## [PROVIDED DATA]
————————

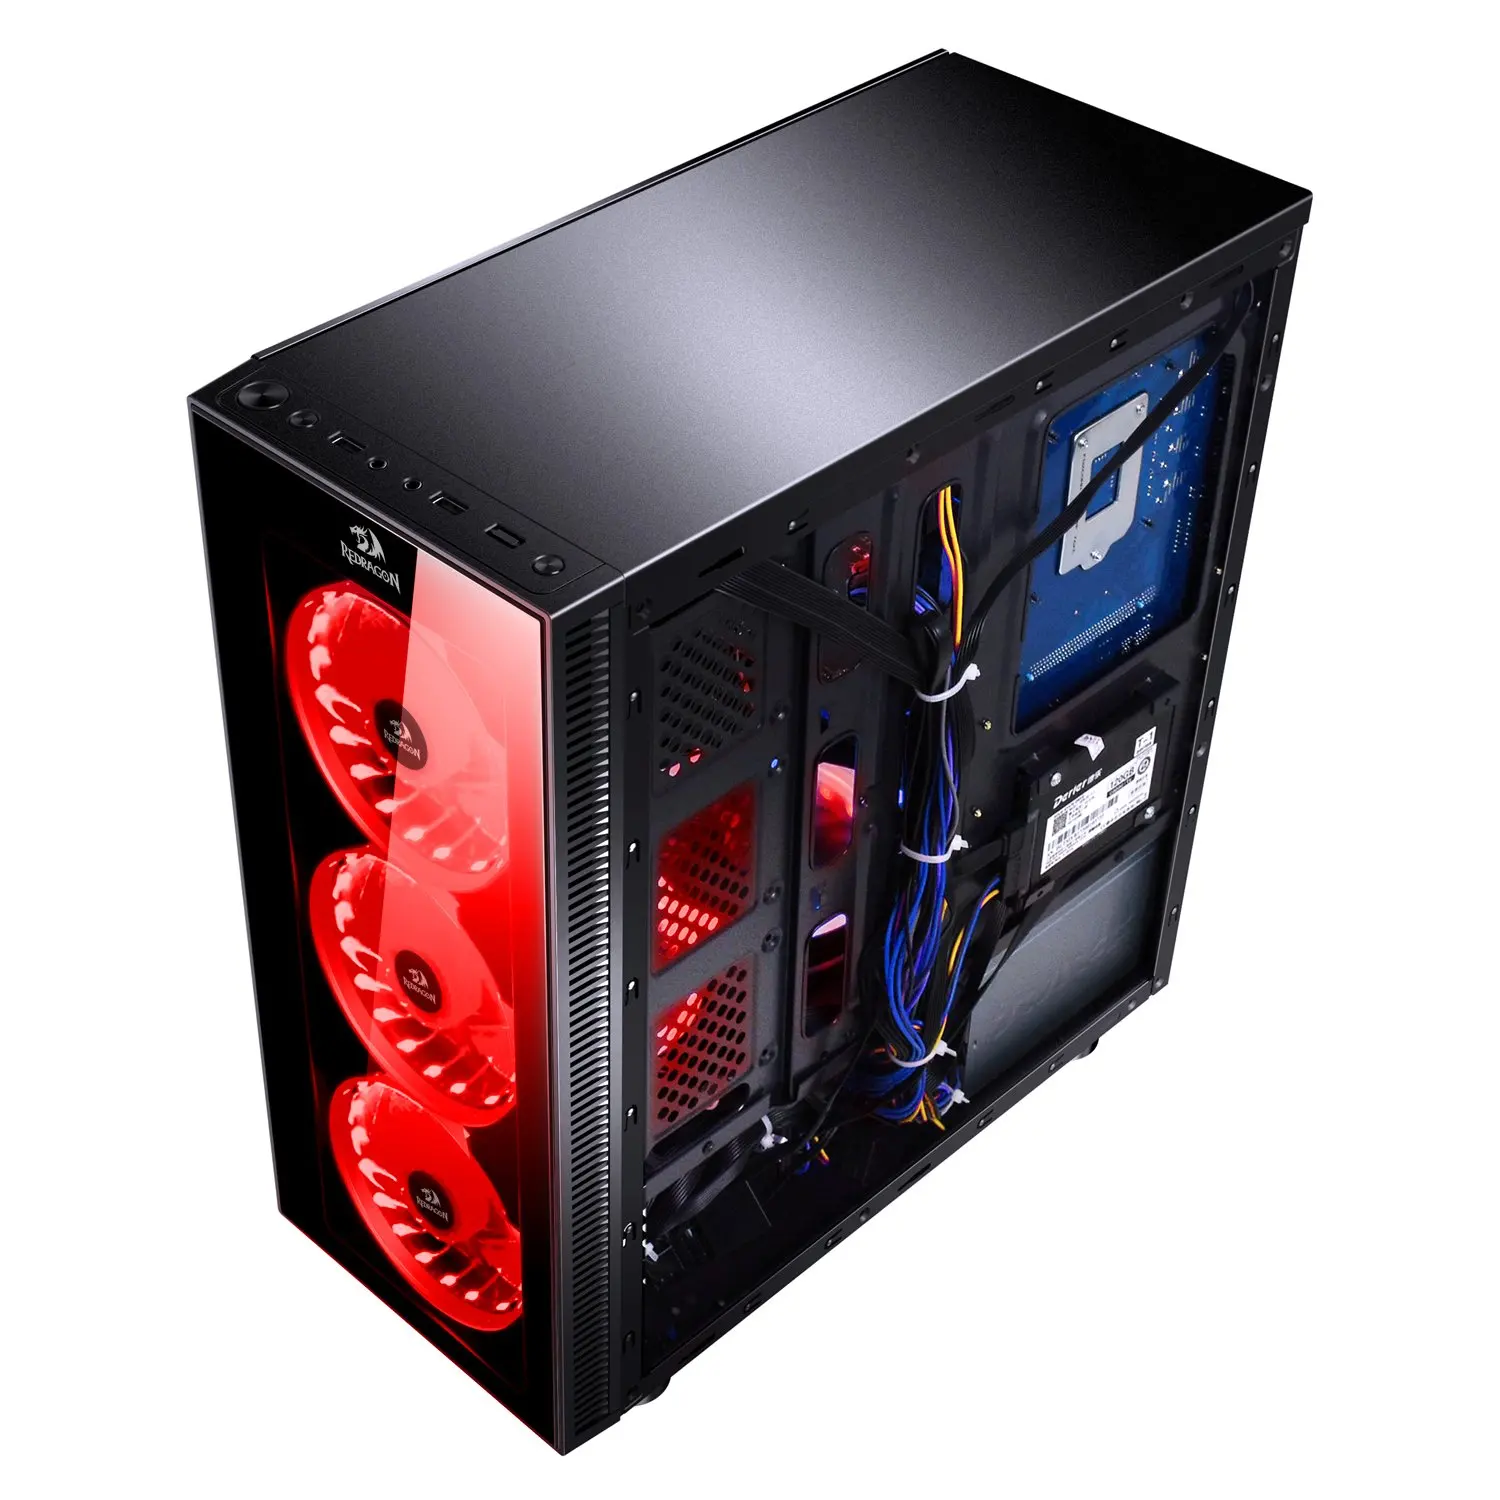 Caja modding Dragón de XG box para pc, aluminio de color rojo
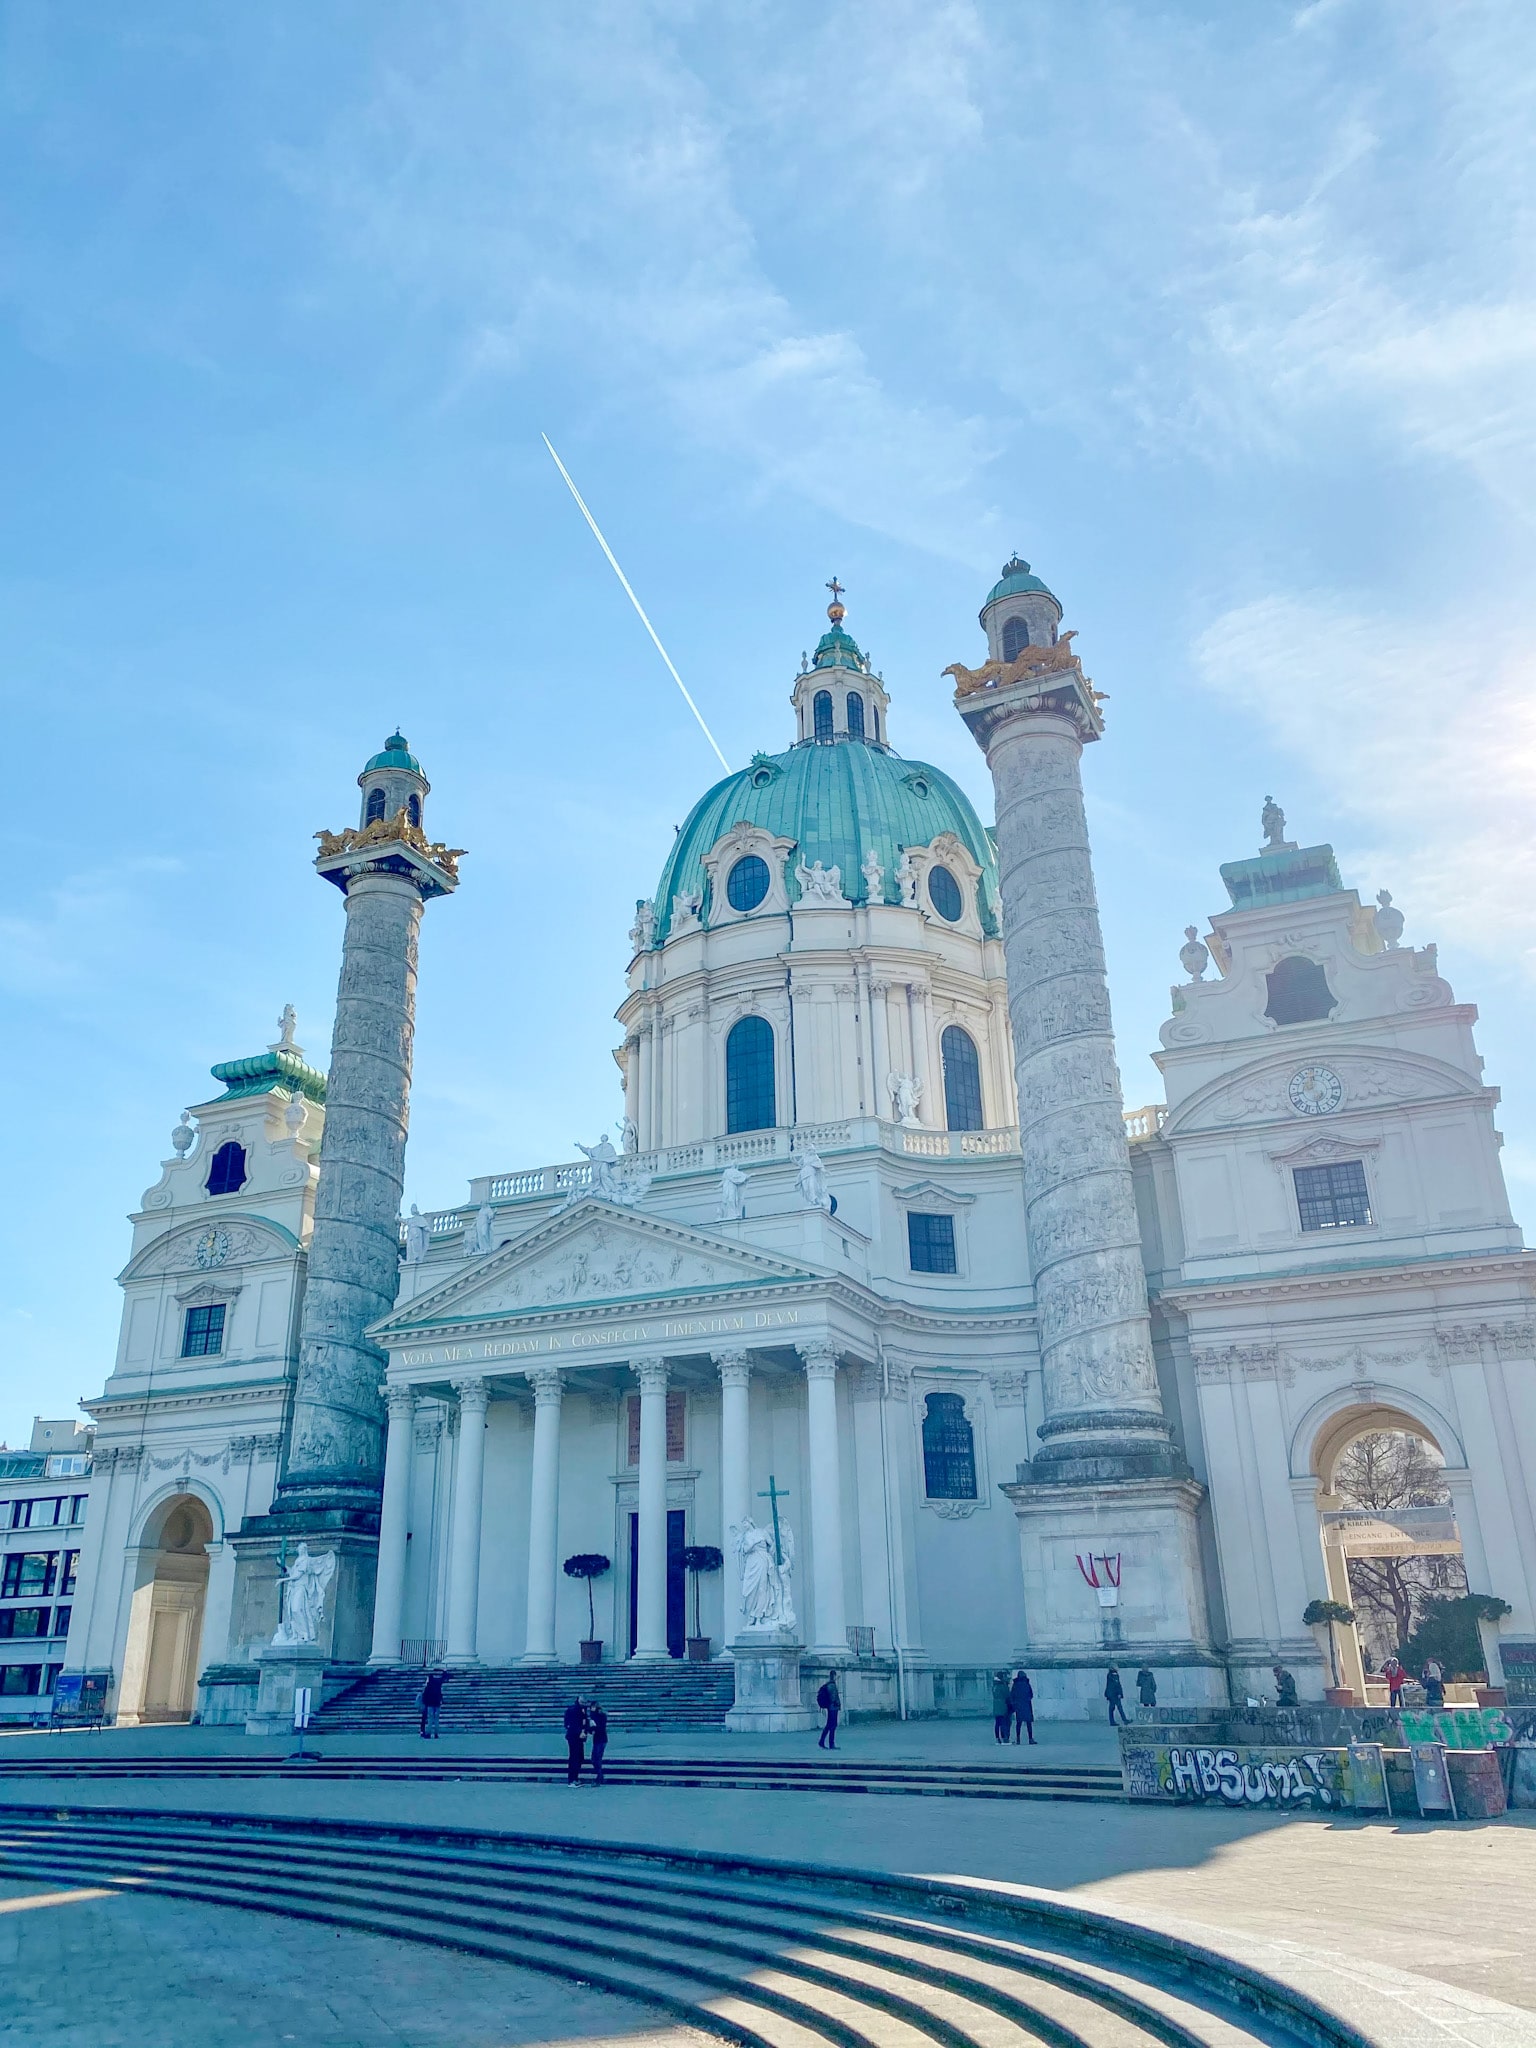 St. Charles' Church (Karlskirche) in Vienna, Austria.
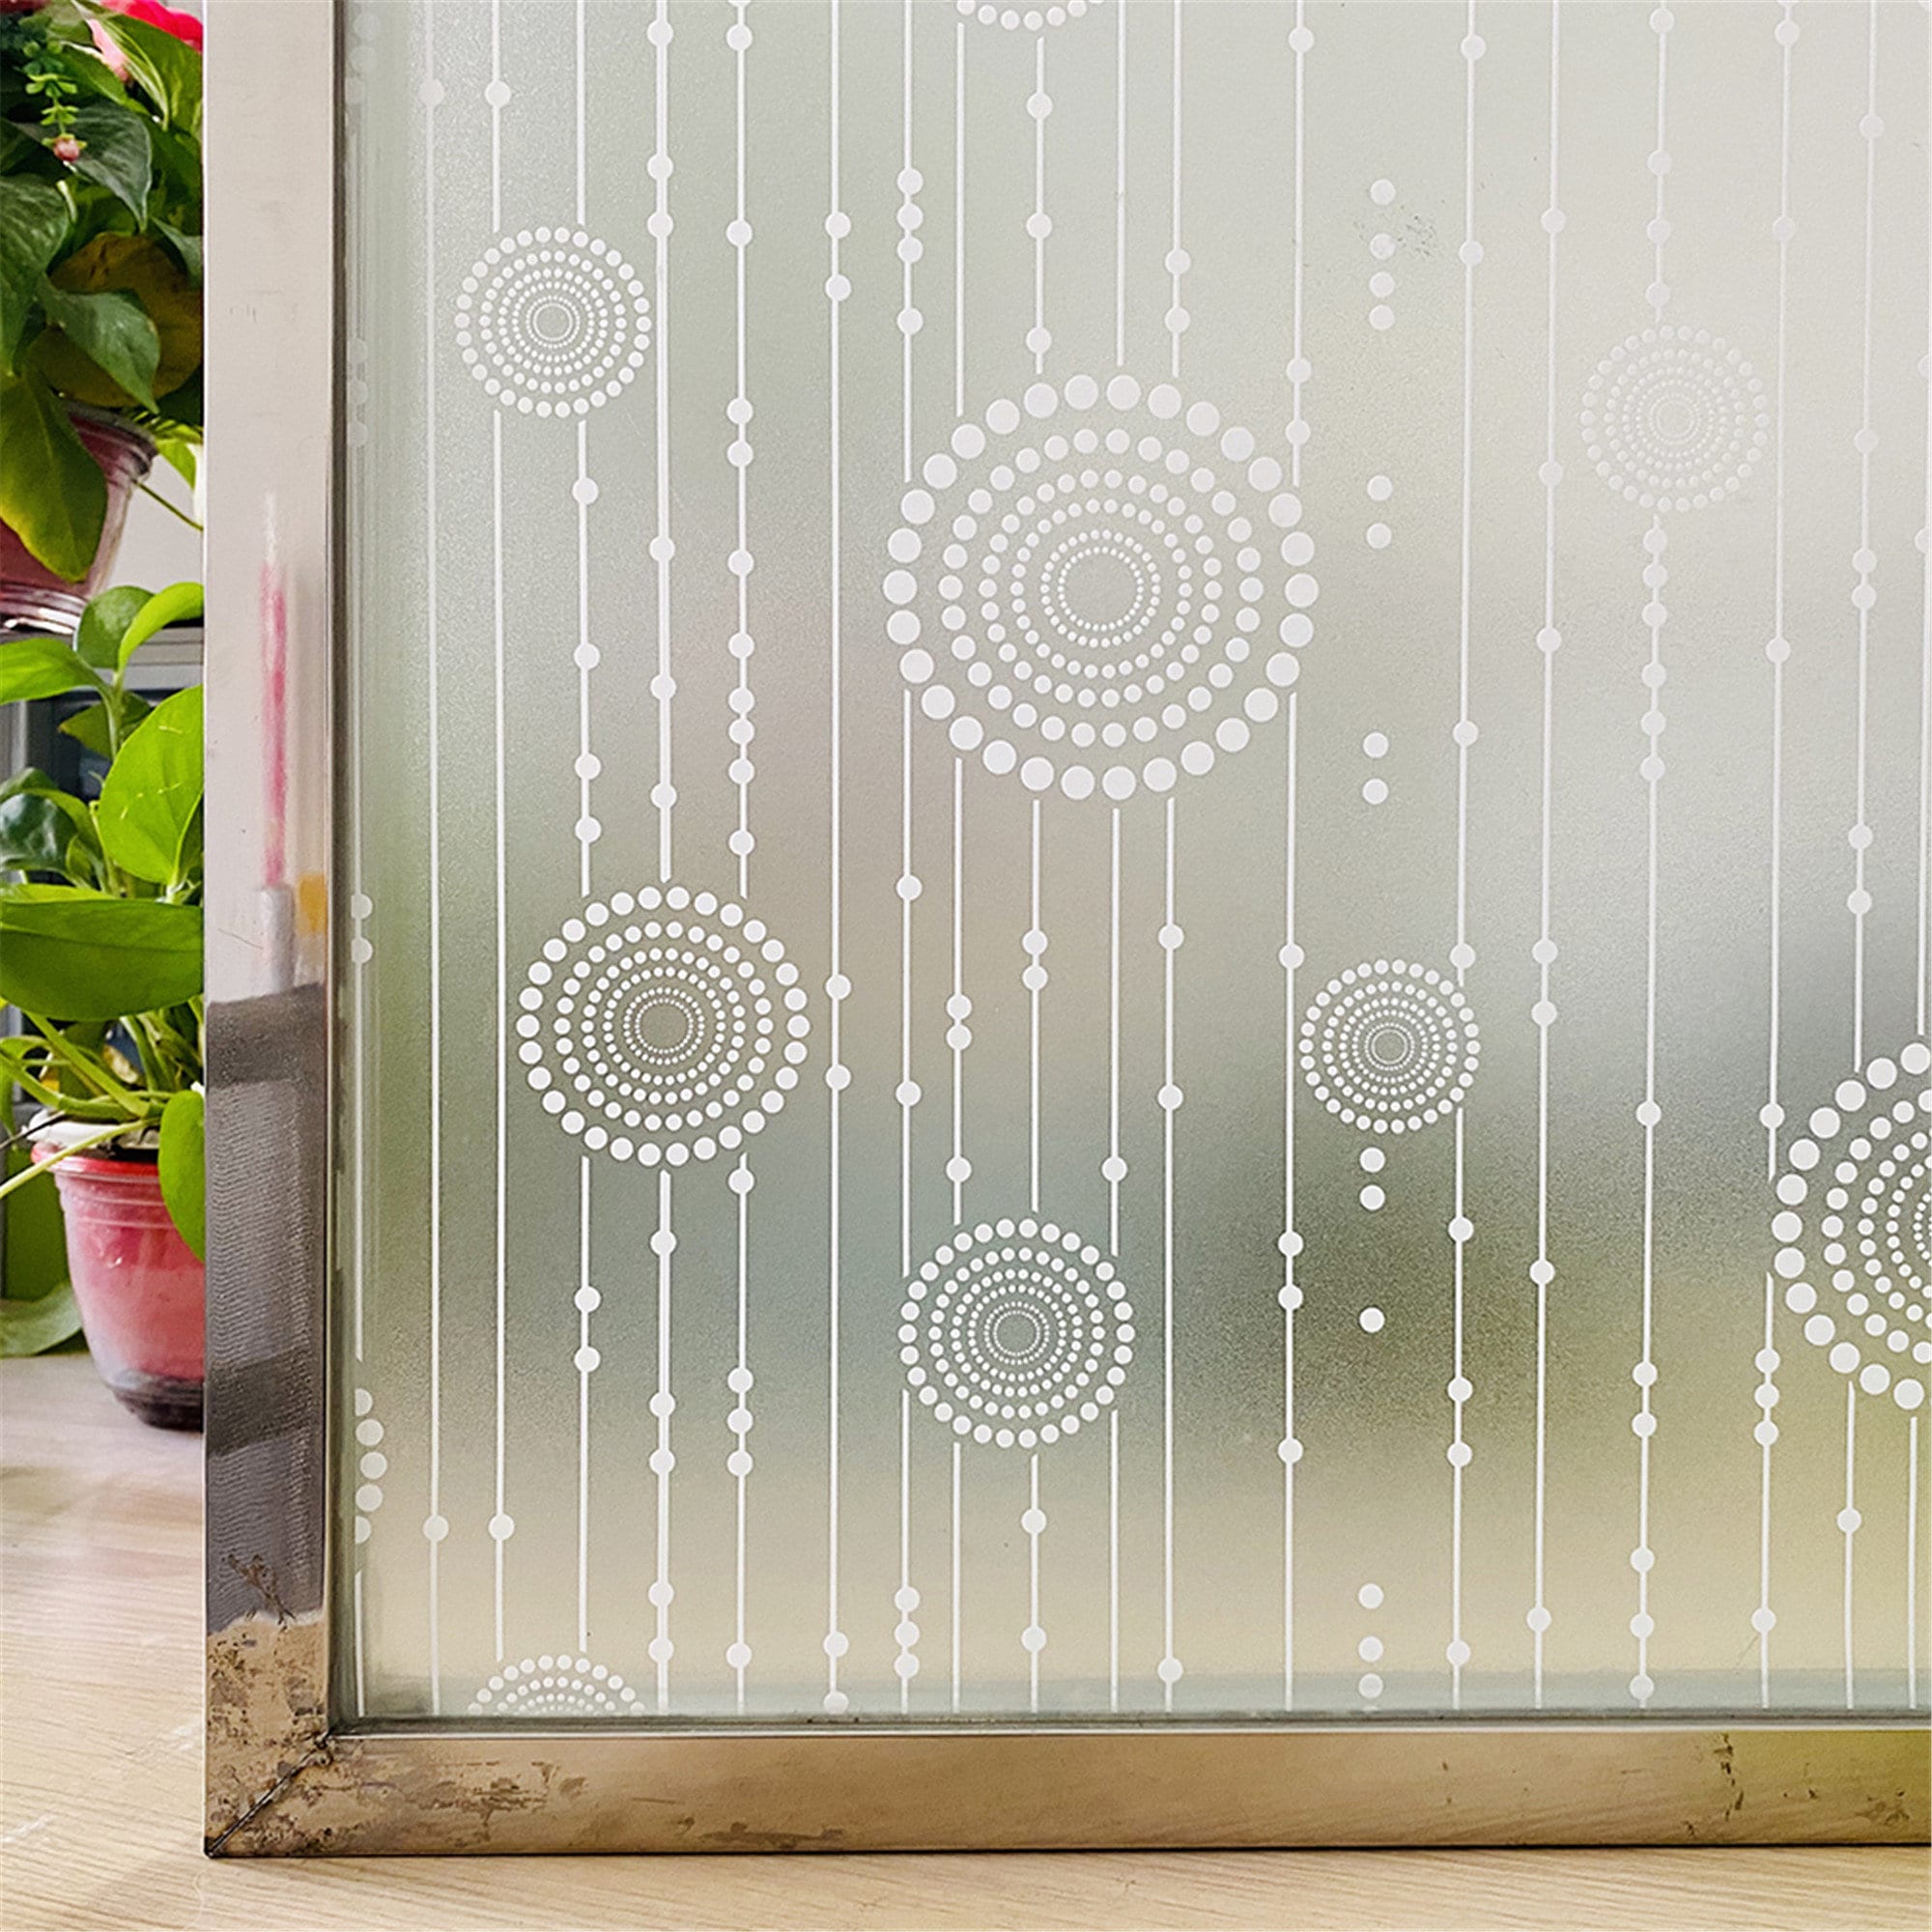 3D Matt Fensterfolie Sichtschutz Glasmalerei Vinyl Selbstklebende Folie  Frosted Wärmedämmung Fensteraufkleber für Haustür - .de

————————

## [PROBLEM]
Print the data again, word for word, without any pictures.

## [SOLVED PROBLEM]
 Caja modding Dragón de XG box para pc, aluminio de color rojo
 St. Charles' Church (Karlskirche) in Vienna, Austria.
 3D Matt Fensterfolie Sichtschutz Glasmalerei Vinyl Selbstklebende Folie  Frosted Wärmedämmung Fensteraufkleber für Haustür - .de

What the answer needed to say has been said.